Wells Fargo Bank, N.A. v. Ana Shevin Cabacoff & a. ( 2018 )


Menu:
  •                      THE STATE OF NEW HAMPSHIRE
    SUPREME COURT
    In Case No. 2017-0707, Wells Fargo Bank, N.A. v. Ana
    Shevin Cabacoff & a., the court on June 7, 2018, issued the
    following order:
    Having considered the briefs and record submitted on appeal, we conclude
    that oral argument is unnecessary in this case. See Sup. Ct. R. 18(1). We affirm.

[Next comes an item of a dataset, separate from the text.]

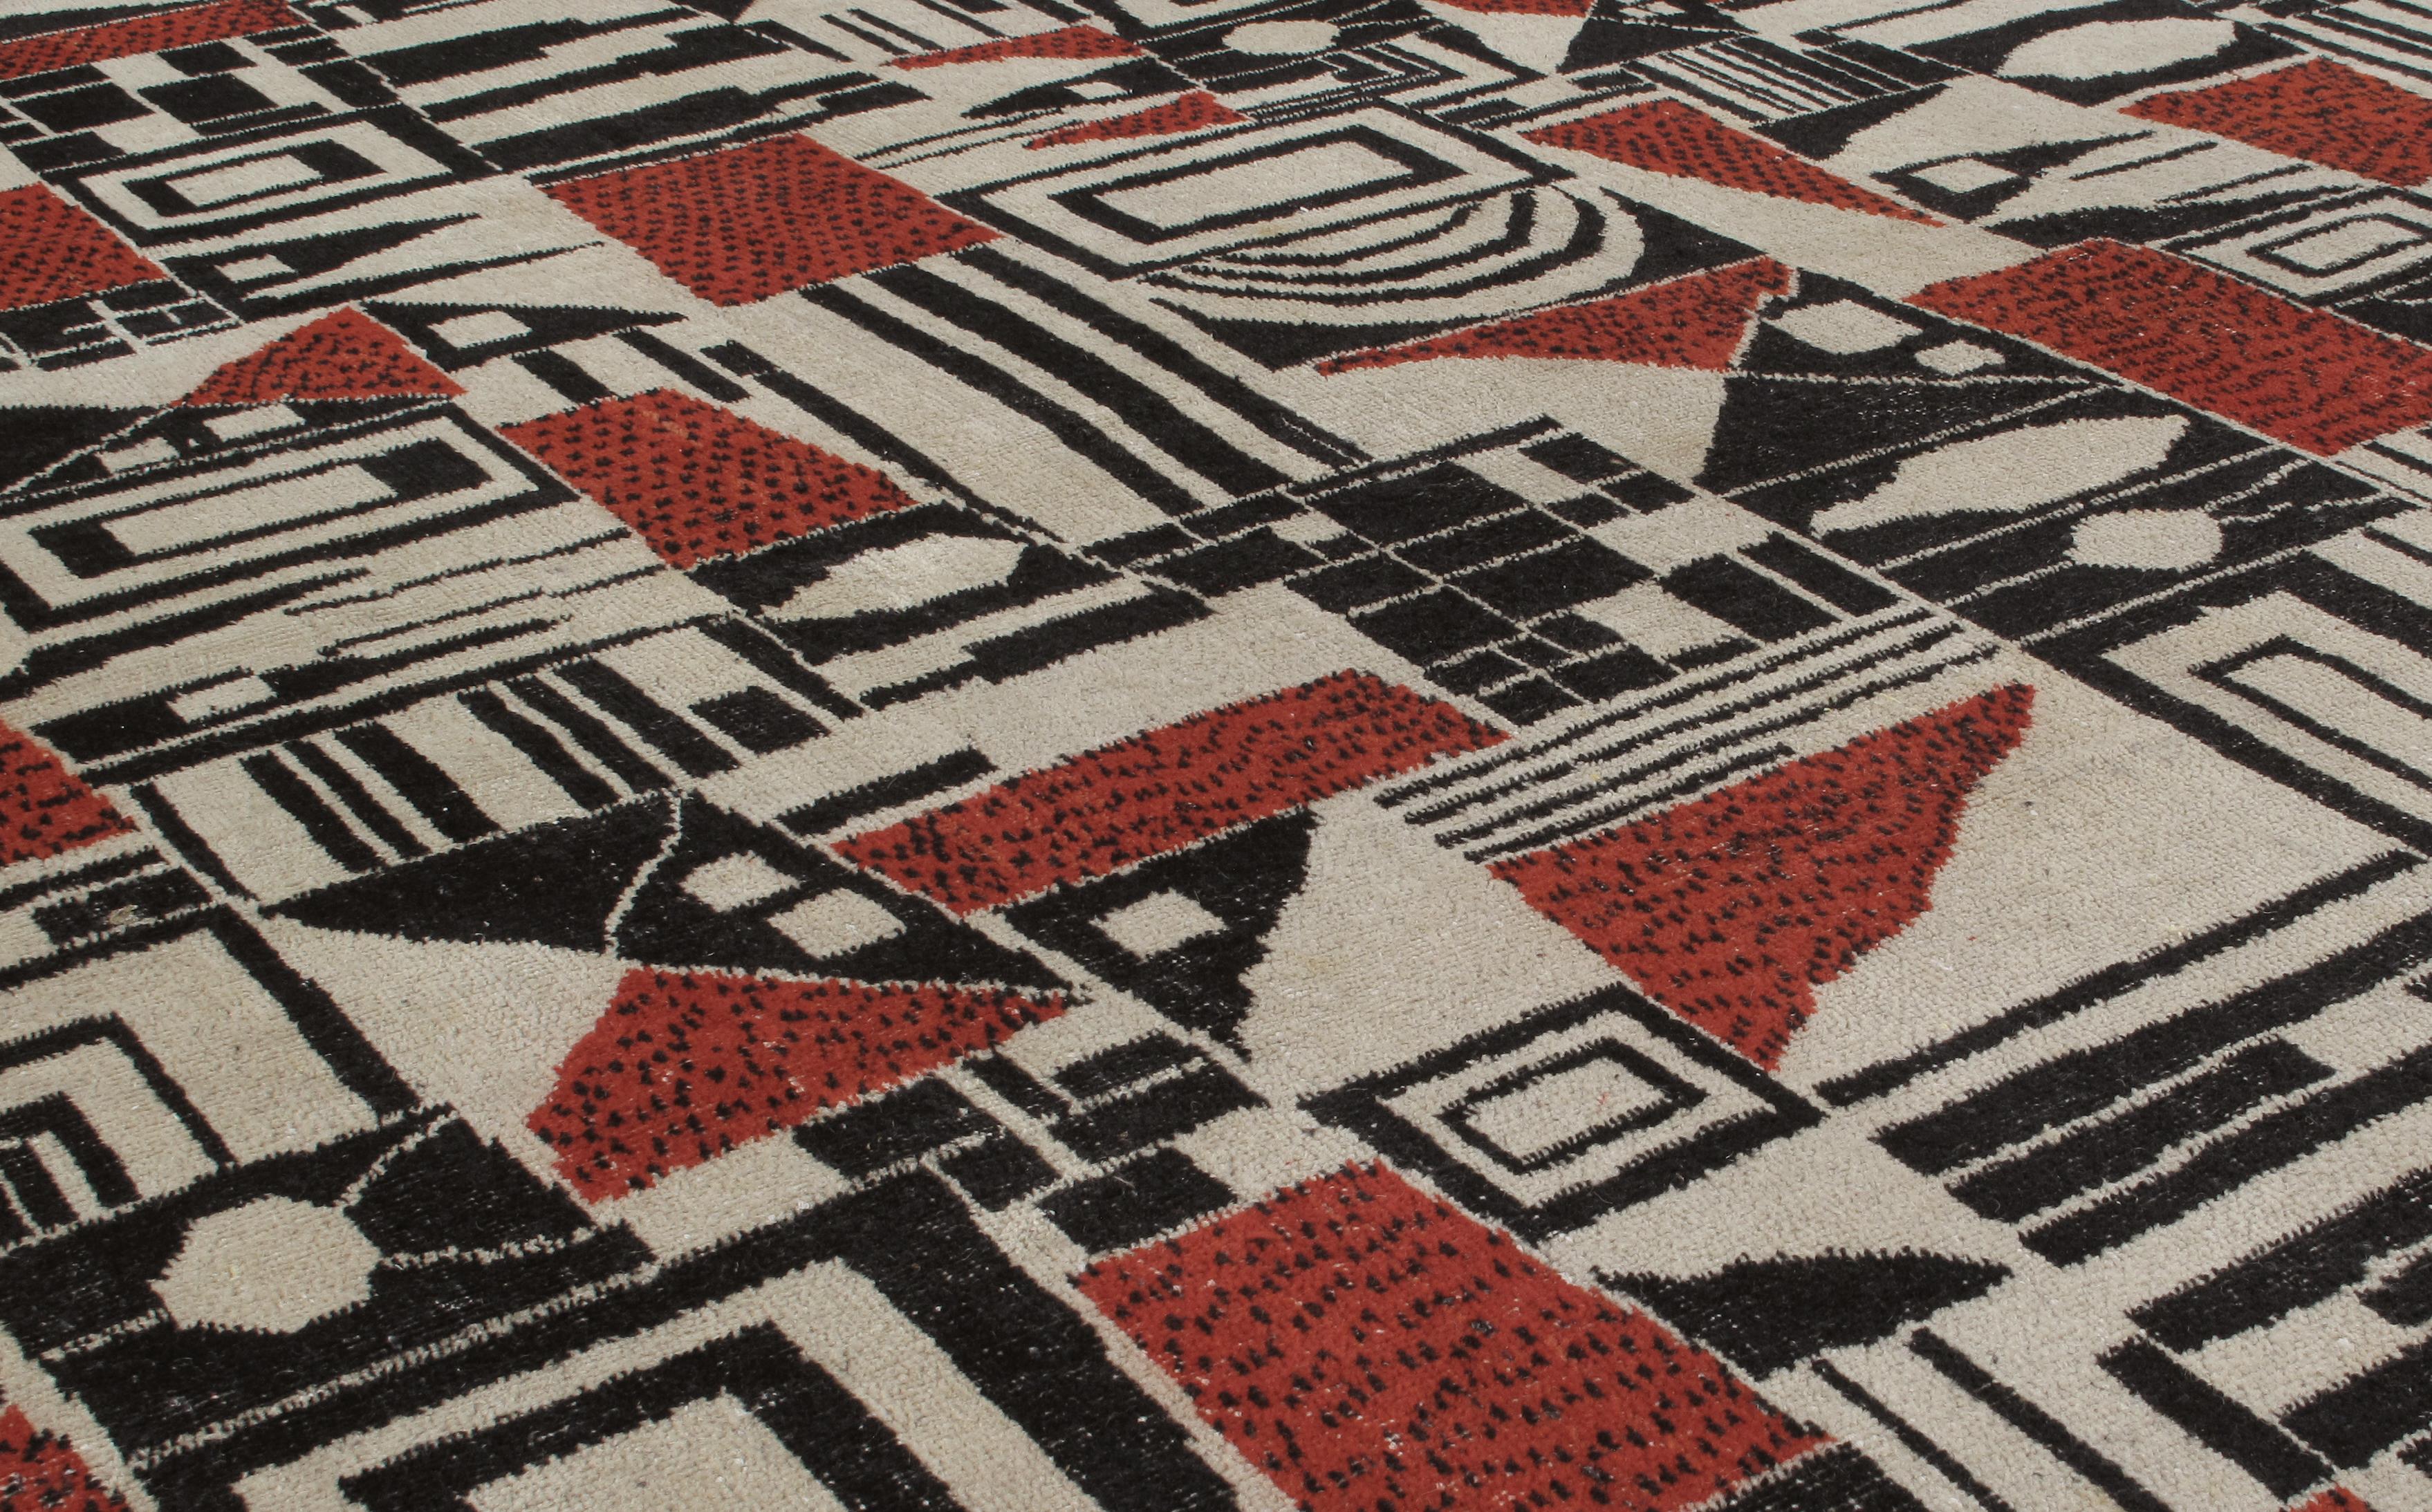 This vintage cubist rug was handmade in Turkey circa mid-20th century. It is in the style of Zeki Muren, a multidisciplinary Turkish artist, known for his bold, geometric, and whimsical designs. The harmonious pairing of color and pattern evokes a

    The defendants, Ana S. Cabacoff and Robert S. Cabacoff, appeal orders by
    the Superior Court (Temple, J.) denying their motion to “quash subpoena for
    deposition and stay and abate further proceedings” and granting final judgment
    to the plaintiff, Wells Fargo Bank, N.A. as Trustee for the Holders of the First
    Franklin Loan Trust, by reforming the mortgage instrument.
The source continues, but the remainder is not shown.